Imagine paving the roads with a series of 4X8 sheets of plywood and I think you get the idea of how feasible this idea is - as in “NOT!”.

I mean 80,000 # trucks have to be able to drive over them!

I sort of opened a can of worms about inductive charging and whether it would create a drag on the car … lol … you know, I’m not sure who’s correct about the drag effect? It seems like there’d definitely be a mechanical drag on the car if the magnetic field was static and the car was moving. But if the field was alternating, would there be a drag then? If the car was sitting still say, w/an alternating magnetic field it would still charge ok, and the charging process wouldn’t move the car. Or would it? Maybe just back and forth?

Could it be what happens with an alternating magnetic field and a moving car, the magnetic field has no net mechanical dragging effect b/c during one phase it drags, but during the next phase it pushes?

Edit: I recall seeing the description of a thought experiment where you had DC current in a wire, and you measured the magnetic field. Then you ran along side the wire at the same speed as the electrons were moving, then you measured the magnetic field? Would it be any different? I think the answer was “yes” and this lead directly to Einstein’s theory of special relativity!

You know what George, I’m not sure either. I apply everything I know and try to draw logical conclusions, but am often proven wrong in the end. That’s when the learning starts.

If the wire were traveling at the same speed as the electrons, no. If the wire were not, there would be induction. The relativity for the induction is the speed of the electrons relative to the speed of the wire, not relative to the observer.

At least that’s my theory!

But there’s a problem. Quantum physicists say electrons don’t orbit atomic nuclei like we illustrate them as doing. They’re highly erratic particles, appearing and disappearing in a highly erratic manner. So what IS the speed of an electron?

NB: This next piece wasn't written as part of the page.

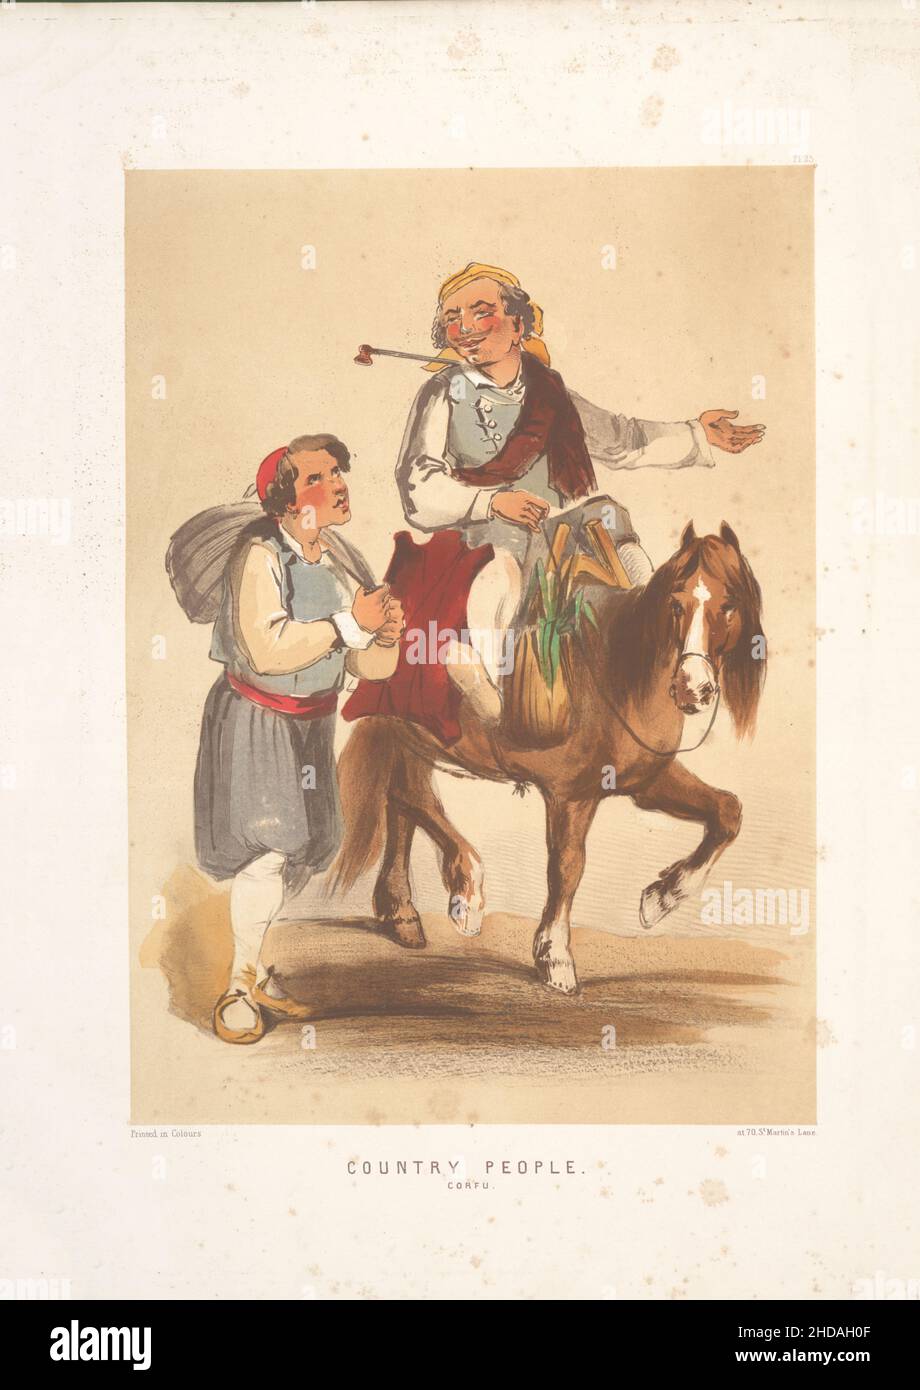 Oldtimer-Farblithographie des Osmanischen Reiches: Country People, Korfu 1854, von Forbes Mac Bean (Künstler) und Justin Sutcliffe (Lithograph) Stockfoto
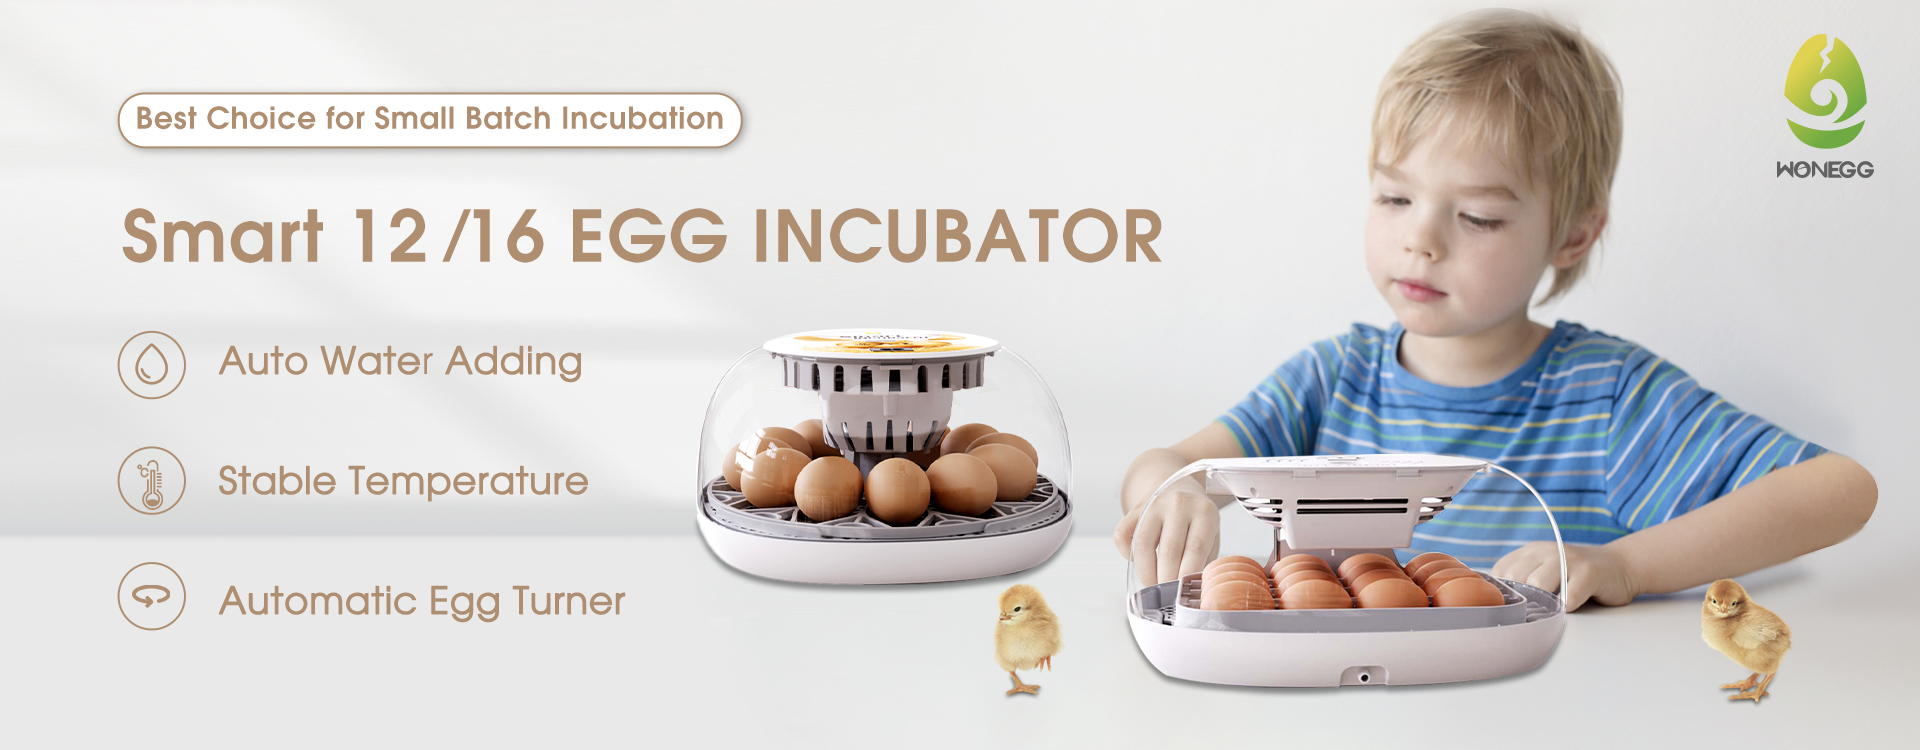 inteligente 12 16 huevos incubadora

And what really IS magnetism? Is it relative to the speed of the electrons? Nobody really knows.

I just remembered something else. At temperatures approaching absolute zero, some materials become almost perfect conductors, the inactive subatomic particles (neutrons and protons) becoming inactive and creating no resistance to the flow of electrons. How this affects magnetism is unknown to me. I’m not sure even the quantum physicists know. So can the materials induce magnetism? Is magnetism created by the electrons or the interaction of the electrons with the protons and/or neutrons?

Oh, heck, I don’t know! But I’m enjoying pondering the question.

@the same mountainbike
"we don’t even have money to properly fix our current roads"

Oh we have the money. It’s just in the pockets of people who don’t need to use roads. Ha Ha.

Point well made.

Quoting Einstein:

“…a paradox upon which I had already hit at the age of sixteen: If I pursue a beam of light with the velocity c (velocity of light in a vacuum), I should observe such a beam of light as an electromagnetic field at rest though spatially oscillating. There seems to be no such thing, however, neither on the basis of experience nor according to Maxwell’s equations. From the very beginning it appeared to me intuitively clear that, judged from the standpoint of such an observer, everything would have to happen according to the same laws as for an observer who, relative to the earth, was at rest. For how should the first observer know or be able to determine, that he is in a state of fast uniform motion? One sees in this paradox the germ of the special relativity theory is already contained.”